[英]Python C extension link with a custom shared library
I am writing a Python C extension on a very old Red Hat system. 我正在一个非常古老的Red Hat系统上编写Python C扩展。 The system has zlib 1.2.3, which does not correctly support large files. 系统具有zlib 1.2.3,它不能正确支持大文件。 Unfortunately, I can't just upgrade the system zlib to a newer version, since some of the packages poke into internal zlib structures and that breaks on newer zlib versions. 不幸的是,我不能只是将系统zlib升级到更新的版本,因为一些软件包会进入内部zlib结构并且会破坏新的zlib版本。
I would like to build my extension so that all the zlib calls ( gzopen()
, gzseek()
etc.) are resolved to a custom zlib that I install in my user directory, without affecting the rest of the Python executable and other extensions. 我想构建我的扩展,以便所有zlib调用( gzopen()
, gzseek()
等)被解析为我安装在我的用户目录中的自定义zlib,而不会影响其余的Python可执行文件和其他扩展。
I have tried statically linking in libz.a
by adding libz.a
to the gcc command line during linking, but it did not work (still cannot create large files using gzopen()
for example). 我曾尝试在静态链接libz.a
加入libz.a
在连接过程中gcc的命令行,但它没有工作(仍然使用不能创建大文件gzopen()
为例)。 I also tried passing -z origin -Wl,-rpath=/path/to/zlib -lz
to gcc, but that also did not work. 我也尝试将-z origin -Wl,-rpath=/path/to/zlib -lz
, -z origin -Wl,-rpath=/path/to/zlib -lz
给gcc,但这也没有用。
Since newer versions of zlib are still named zlib 1.x
, the soname
is the same, so I think symbol versioning would not work. 由于较新版本的zlib仍然命名为zlib 1.x
,因此soname
是相同的,所以我认为符号版本控制不起作用。 Is there a way to do what I want to do? 有办法做我想做的事吗?
I am on a 32-bit Linux system. 我在32位Linux系统上。 Python version is 2.6, which is custom-built.
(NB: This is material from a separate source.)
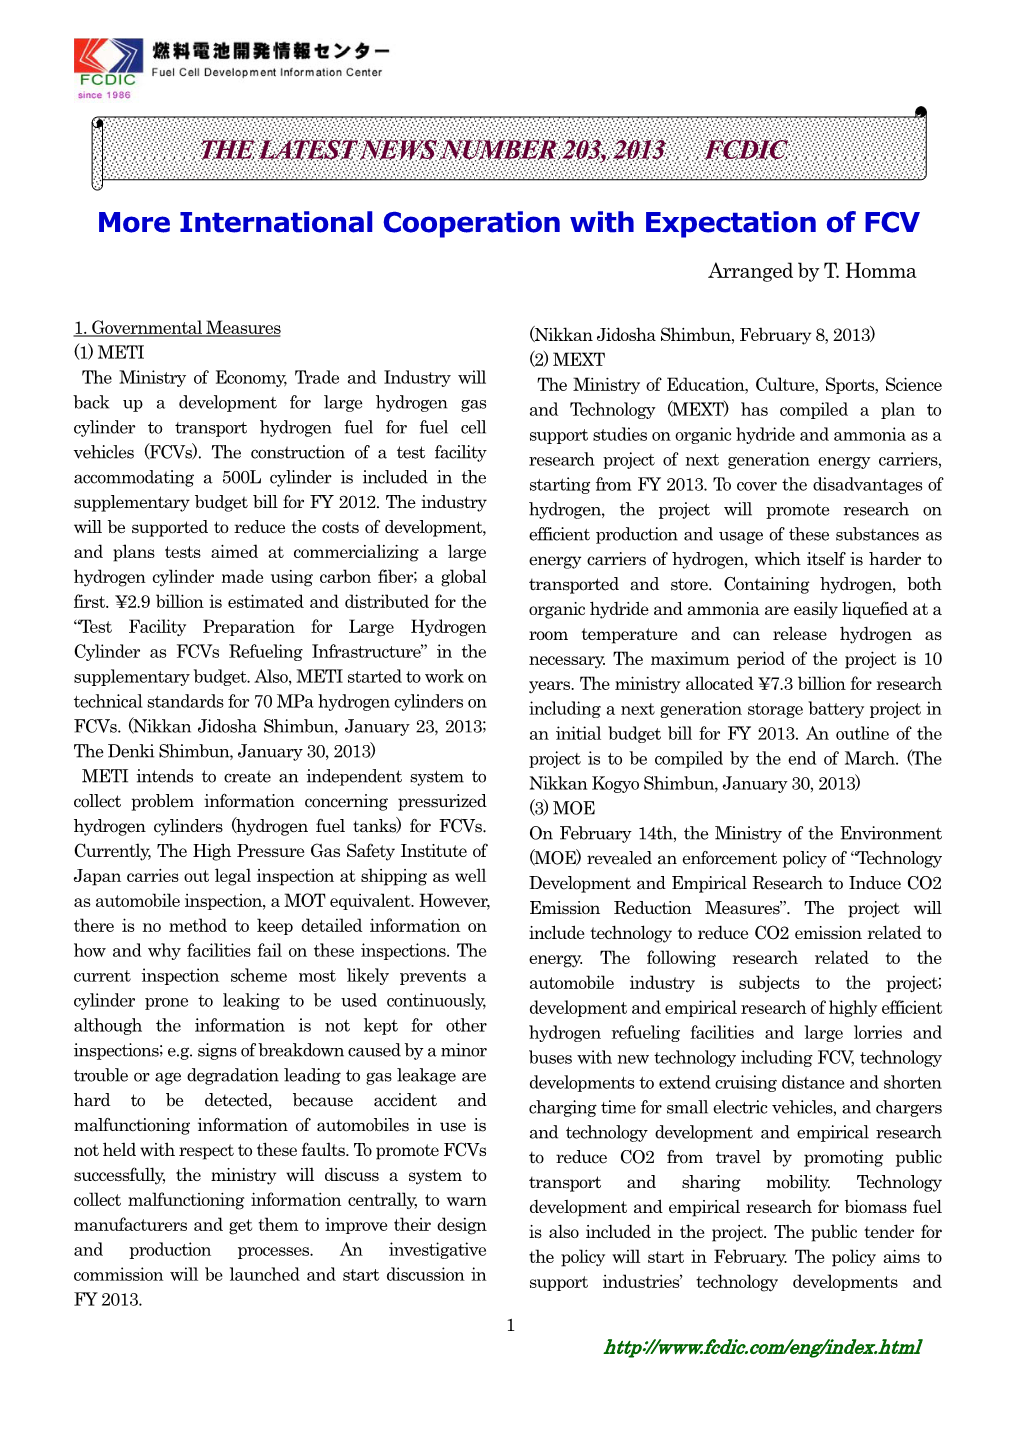 More International Cooperation with Expectation of FCV the LATEST

Python版本是2.6,它是定制的。
Edit : 编辑 :
I created a minimal example. 我创建了一个最小的例子。 I am using Cython (version 0.19.1). 我正在使用Cython(版本0.19.1)。
File gztest.pyx
: 文件gztest.pyx
:
from libc.stdio cimport printf, fprintf, stderr
from libc.string cimport strerror
from libc.errno cimport errno
from libc.stdint cimport int64_t
cdef extern from "zlib.h":
ctypedef void *gzFile
ctypedef int64_t z_off_t
int gzclose(gzFile fp)
gzFile gzopen(char *path, char *mode)
int gzread(gzFile fp, void *buf, unsigned int n)
char *gzerror(gzFile fp, int *errnum)
cdef void print_error(void *gzfp):
cdef int errnum = 0
cdef const char *s = gzerror(gzfp, &errnum)
fprintf(stderr, "error (%d): %s (%d: %s)\n", errno, strerror(errno), errnum, s)
cdef class GzFile:
cdef gzFile fp
cdef char *path
def __init__(self, path, mode='rb'):
self.path = path
self.fp = gzopen(path, mode)
if self.fp == NULL:
raise IOError('%s: %s' % (path, strerror(errno)))
cdef int read(self, void *buf, unsigned int n):
cdef int r = gzread(self.fp, buf, n)
if r <= 0:
print_error(self.fp)
return r
cdef int close(self):
cdef int r = gzclose(self.fp)
return 0
def read_test():
cdef GzFile ifp = GzFile('foo.gz')
cdef char buf[8192]
cdef int i, j
cdef int n
errno = 0
for 0 <= i < 0x200:
for 0 <= j < 0x210:
n = ifp.read(buf, sizeof(buf))
if n <= 0:
break
if n <= 0:
break
printf('%lld\n', <long long>ifp.tell())
printf('%lld\n', <long long>ifp.tell())
ifp.close()
File setup.py
: 文件setup.py
:
import sys
import os
from distutils.core import setup
from distutils.extension import Extension
from Cython.Distutils import build_ext
if __name__ == '__main__':
if 'CUSTOM_GZ' in os.environ:
d = {
'include_dirs': ['/home/alok/zlib_lfs/include'],
'extra_objects': ['/home/alok/zlib_lfs/lib/libz.a'],
'extra_compile_args': ['-D_LARGEFILE_SOURCE -D_FILE_OFFSET_BITS=64 -g3 -ggdb']
}
else:
d = {'libraries': ['z']}
ext = Extension('gztest', sources=['gztest.pyx'], **d)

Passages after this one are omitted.